Construction And Trade Contracts
In construction, a bank guarantee may be required as:
- performance security (to secure completion and quality)
- defects liability security (to cover post-completion defects)
- payment security (less common, but can come up in certain arrangements)
These requirements are often driven by risk allocation - if you’re the contractor, you’ll want to make sure the trigger for calling on the guarantee is fair and not overly broad.
Supply, Importing, And Larger Customer Contracts
If you supply goods or services to a bigger customer, they may ask for a bank guarantee as reassurance you can cover:
- refunds or replacement costs
- missed delivery deadlines
- failure to meet product or service standards
This tends to come up more when the contract value is high or there’s heavy reliance on you as the supplier.

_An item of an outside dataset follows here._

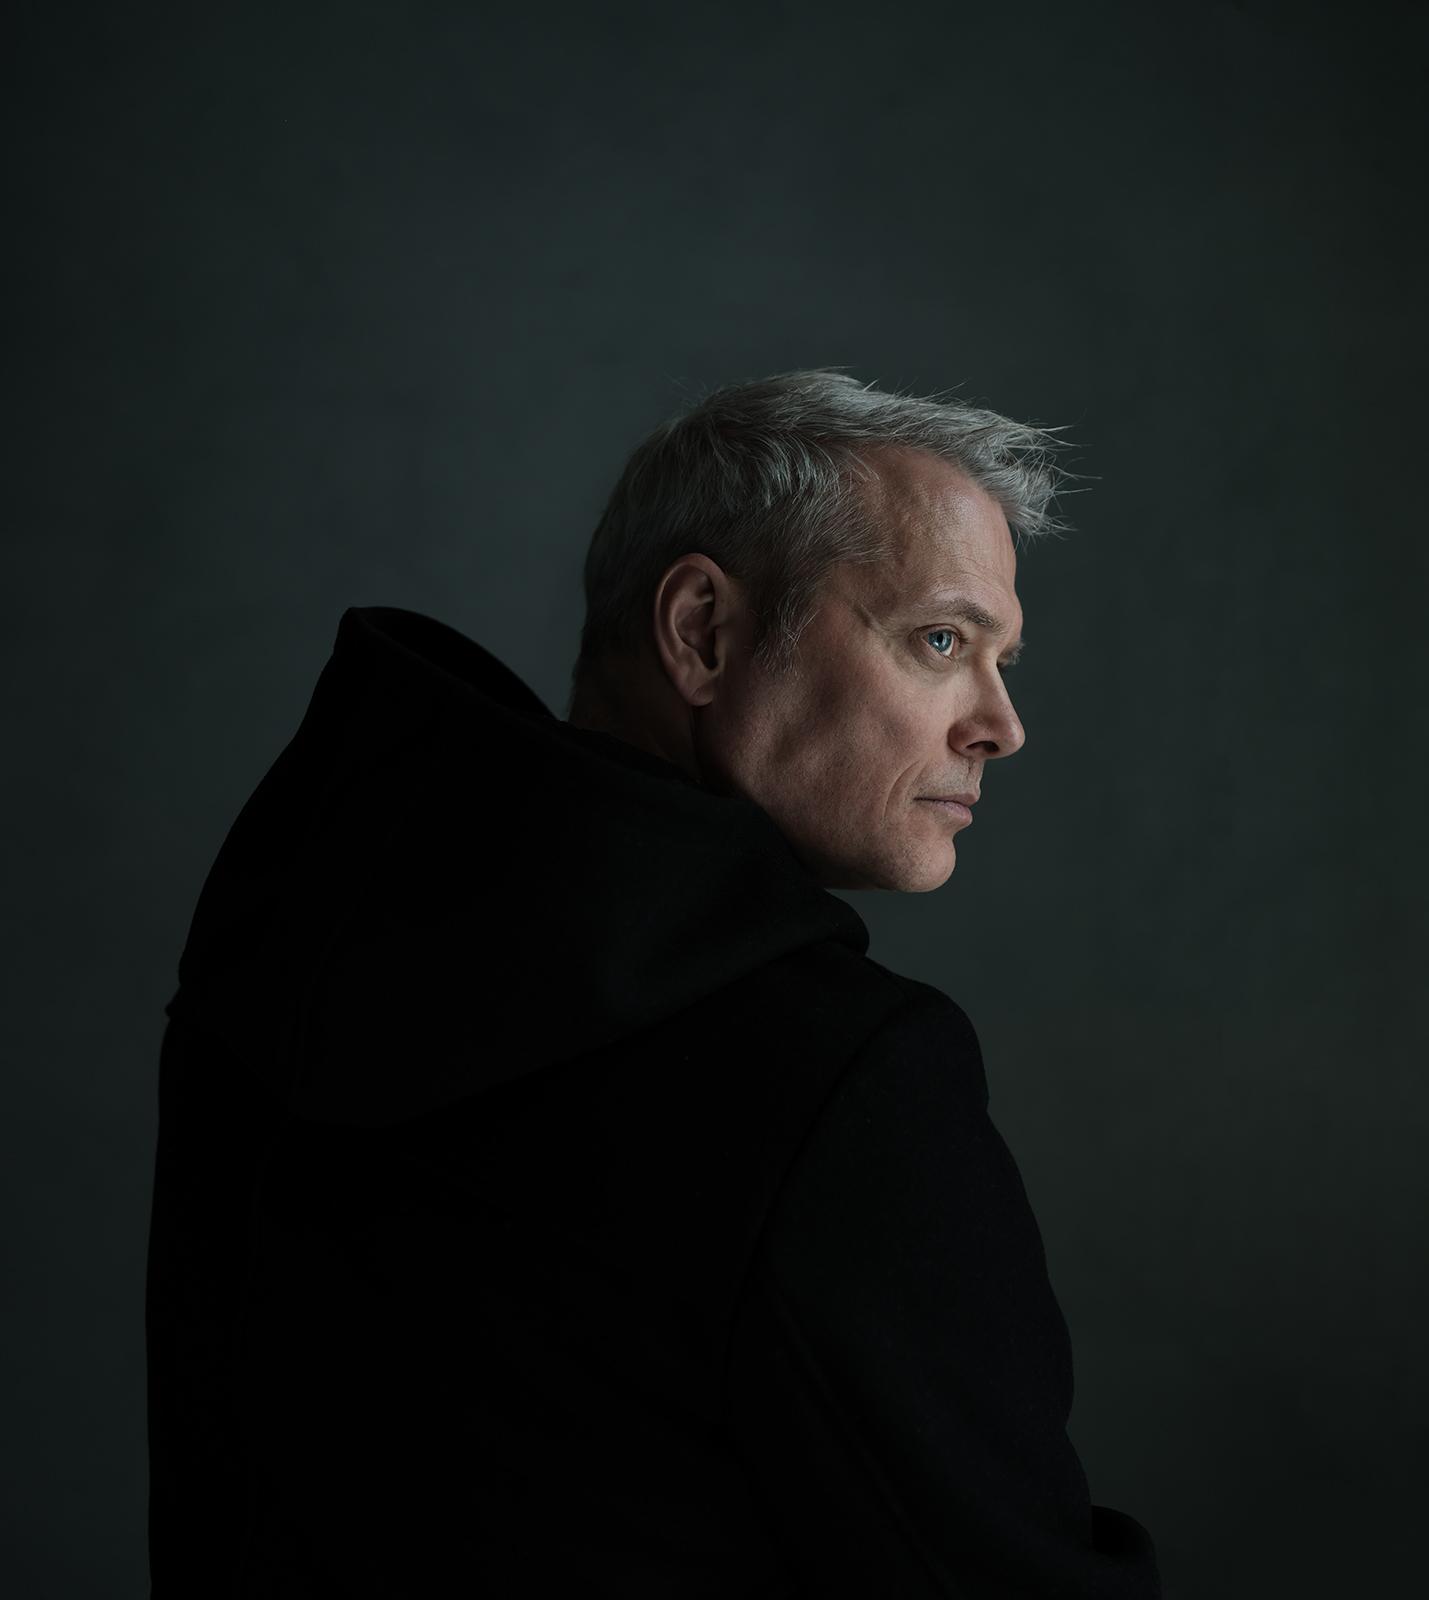 portret, portrait, portretfotografie, portraitfotgrafie, acteur, actor, Susanne Middelberg

What Are The Key Legal Risks With A Bank Guarantee?
A bank guarantee can be a useful commercial tool - but it can also put your cashflow and financial stability under pressure if it’s drafted poorly or called unfairly.
Here are the big issues to watch.
“On Demand” Means The Bank May Pay Even If You Disagree
Many bank guarantees are structured as “on demand” instruments. That means the bank is not deciding who is right in the underlying dispute - it’s checking whether the demand meets the guarantee document’s requirements.
If the guarantee allows the beneficiary to call without proving a breach, the bank may pay first, and you may need to fight about it later. In limited cases (for example, alleged fraud), you may be able to seek urgent court relief - but you should assume the practical risk of payment on a compliant demand unless you’ve negotiated protections into the documents.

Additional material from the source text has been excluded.